╭──
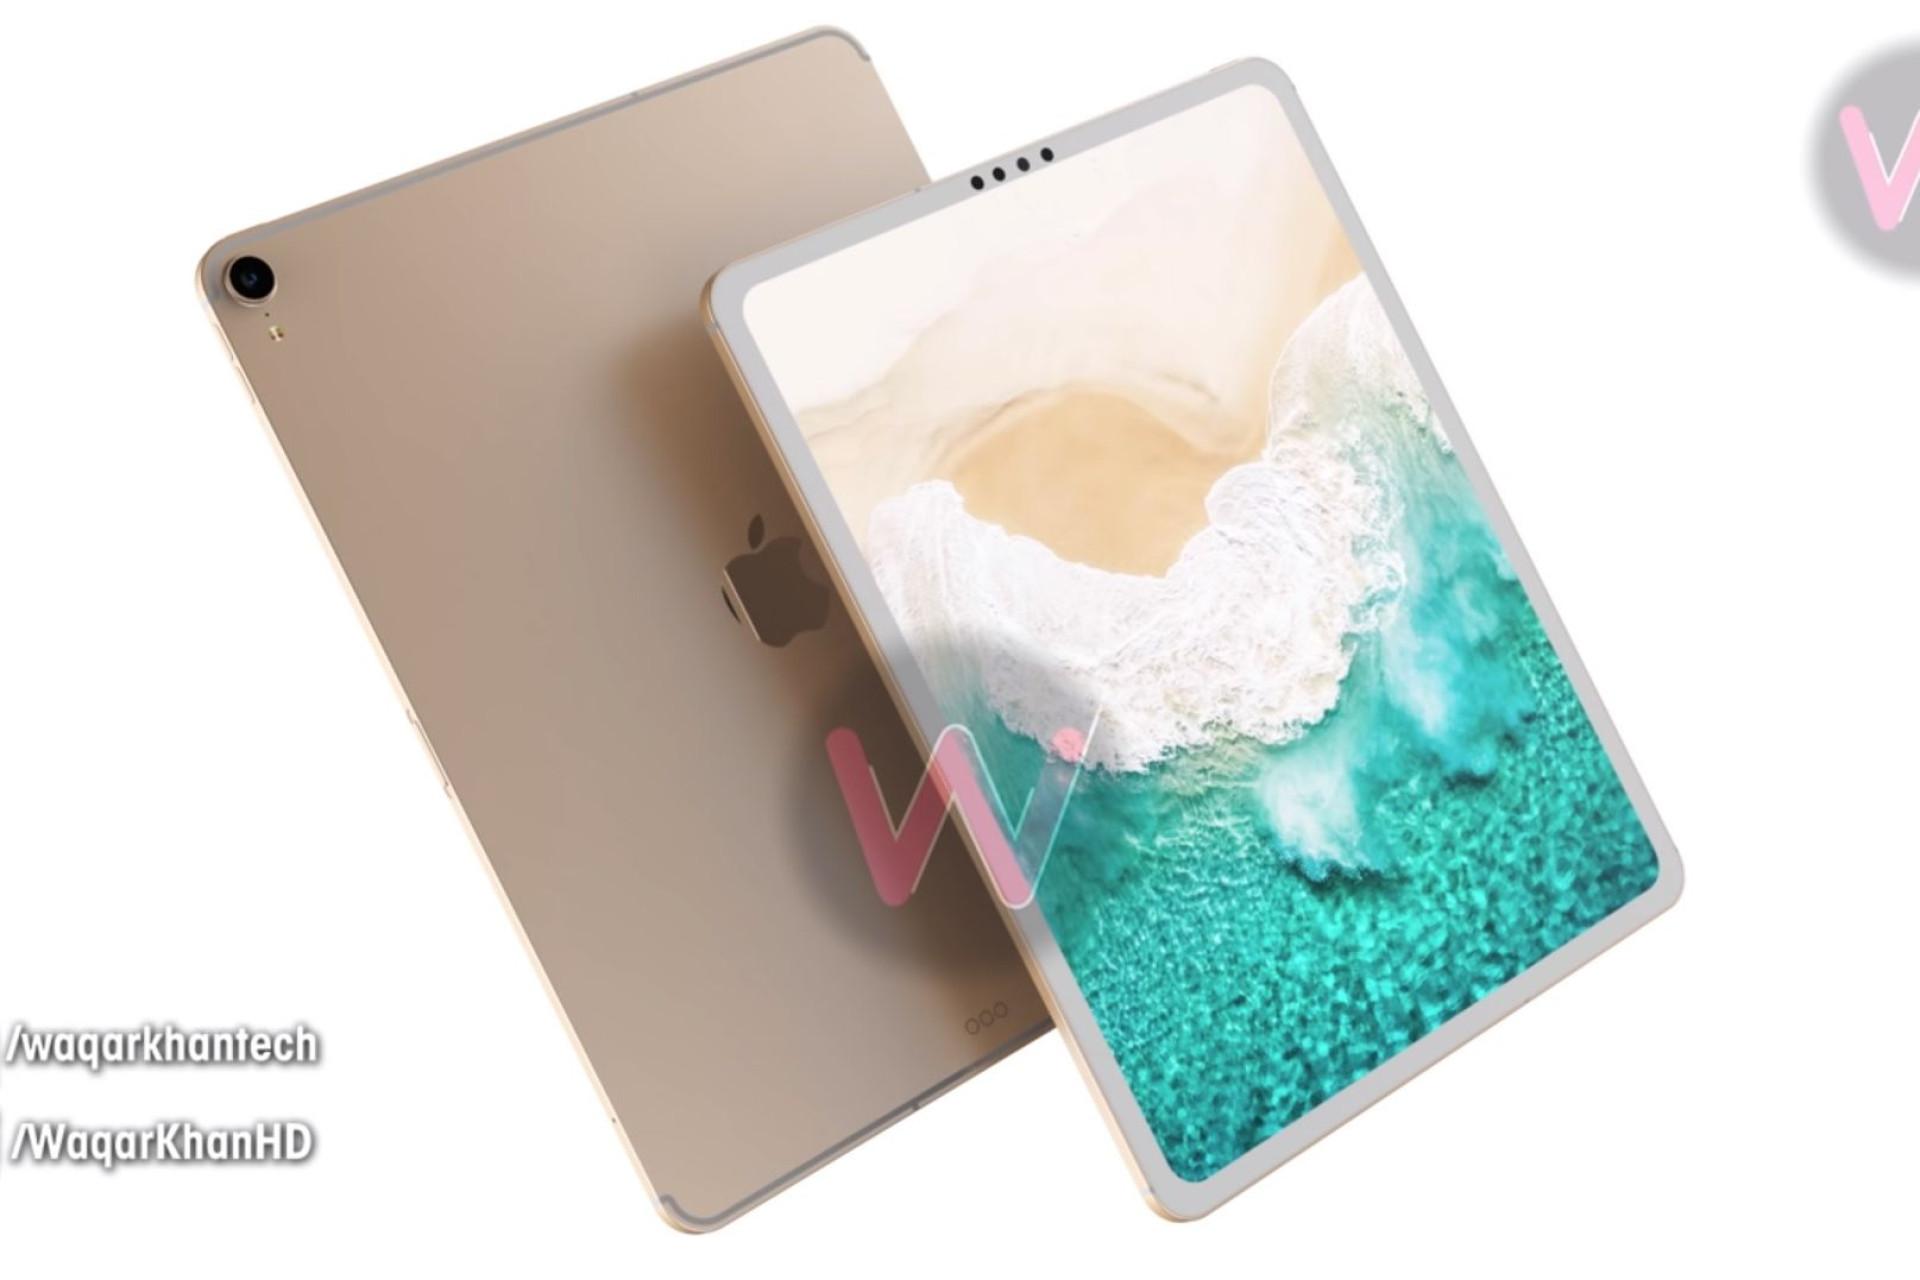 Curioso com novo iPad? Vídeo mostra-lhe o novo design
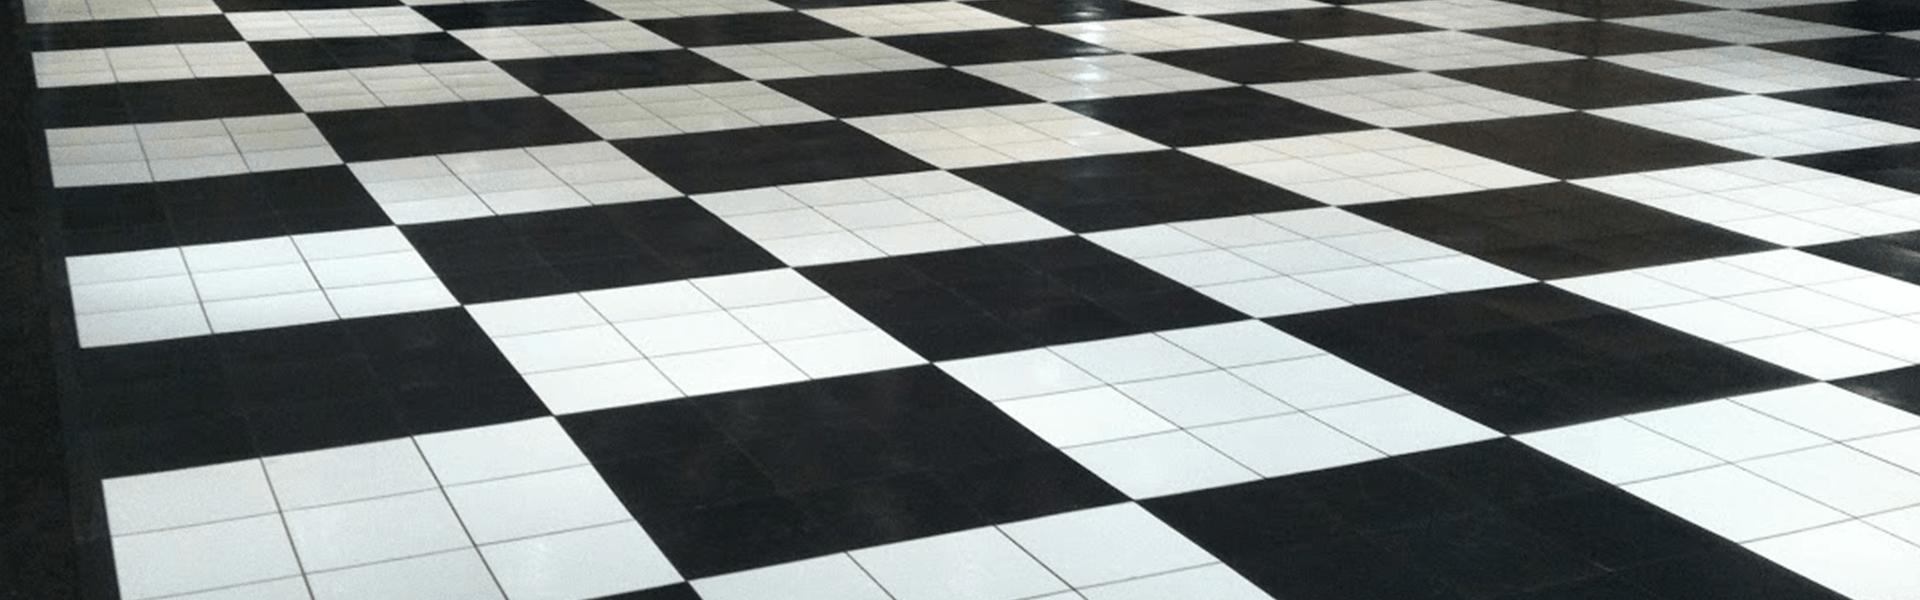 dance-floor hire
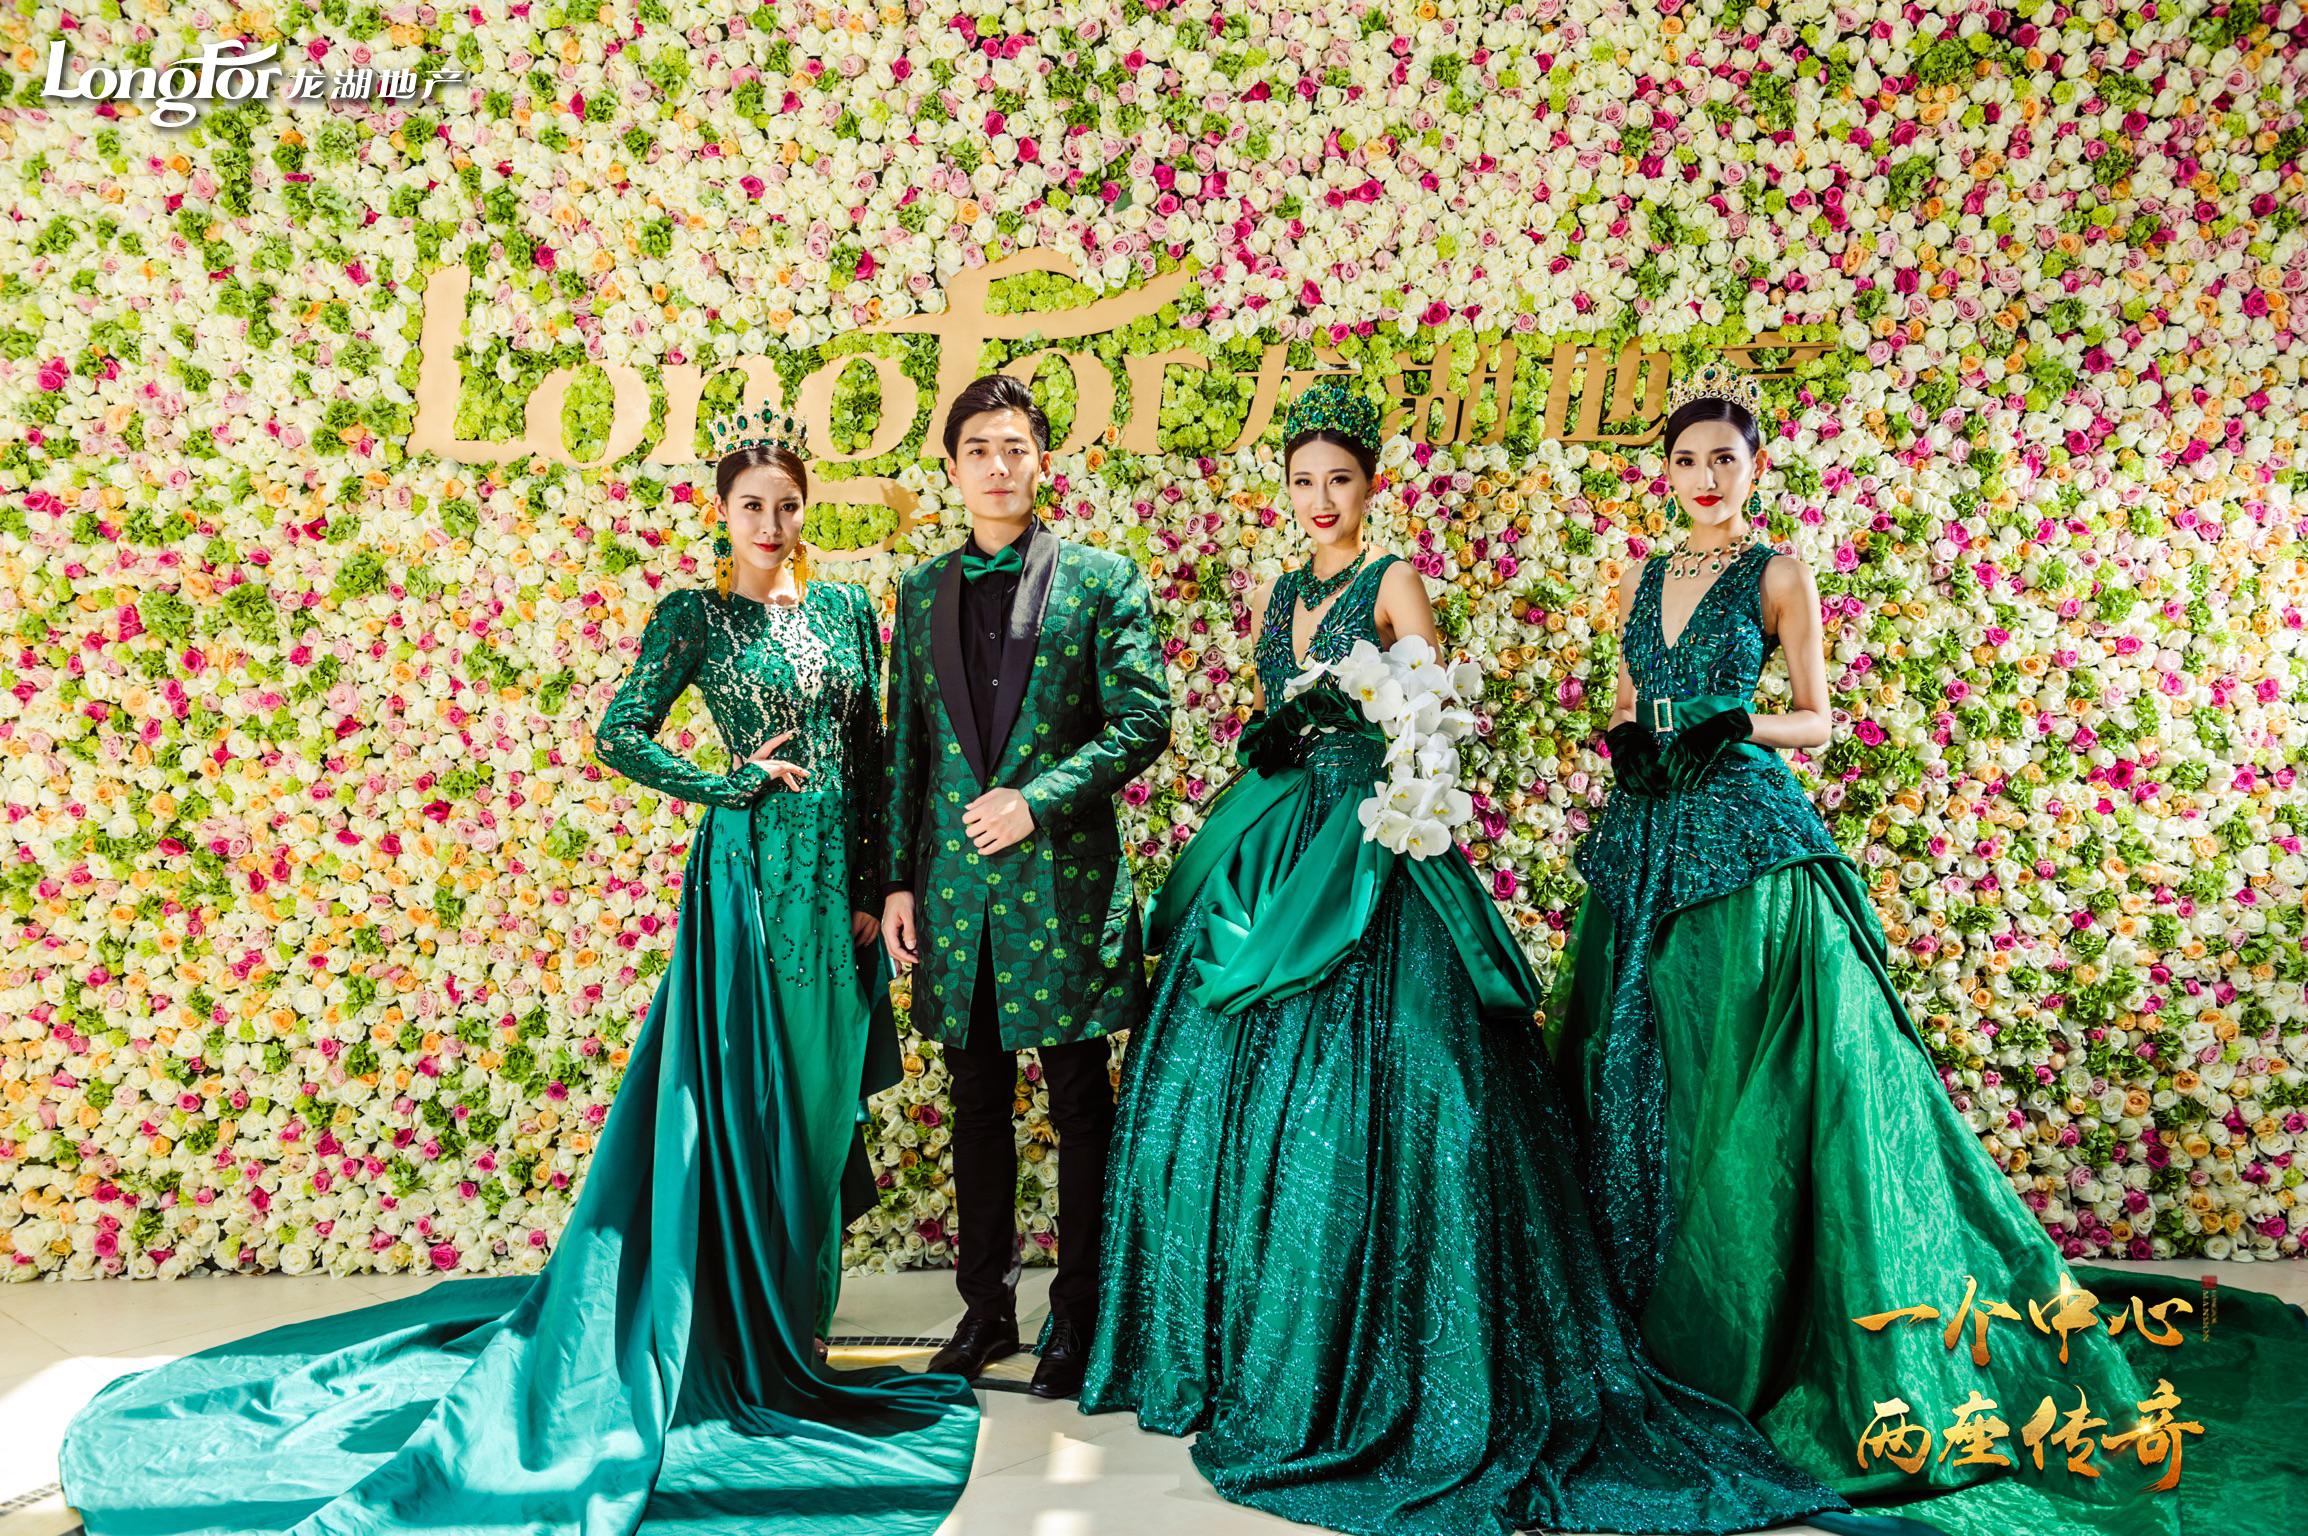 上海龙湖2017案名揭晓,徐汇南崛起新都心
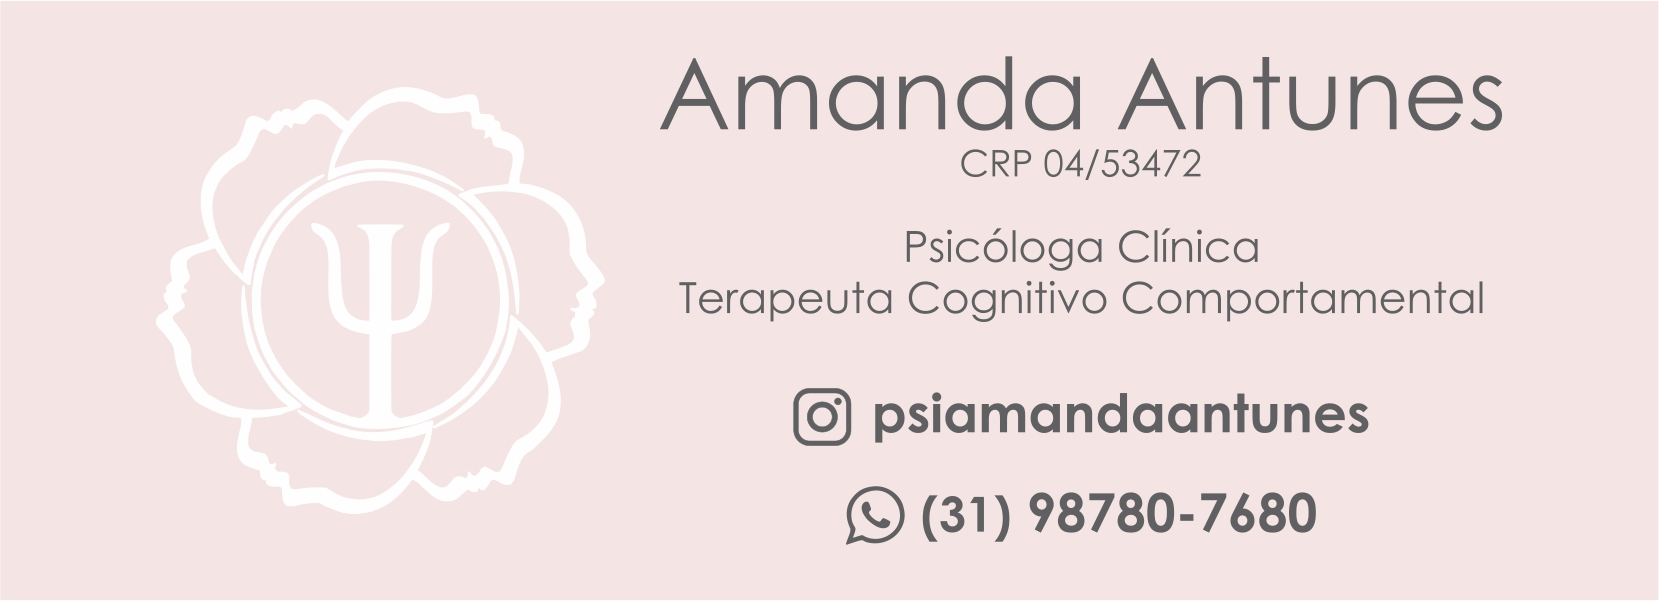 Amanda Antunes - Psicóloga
╰──
> [What the task requires] Repeat word for word only the lines from the line holding "上海龙湖2017案名揭晓,徐汇南崛起新都心" to the final line of the material, both included. Don't carry over any picture.

> [Task response]
 上海龙湖2017案名揭晓,徐汇南崛起新都心
 Amanda Antunes - Psicóloga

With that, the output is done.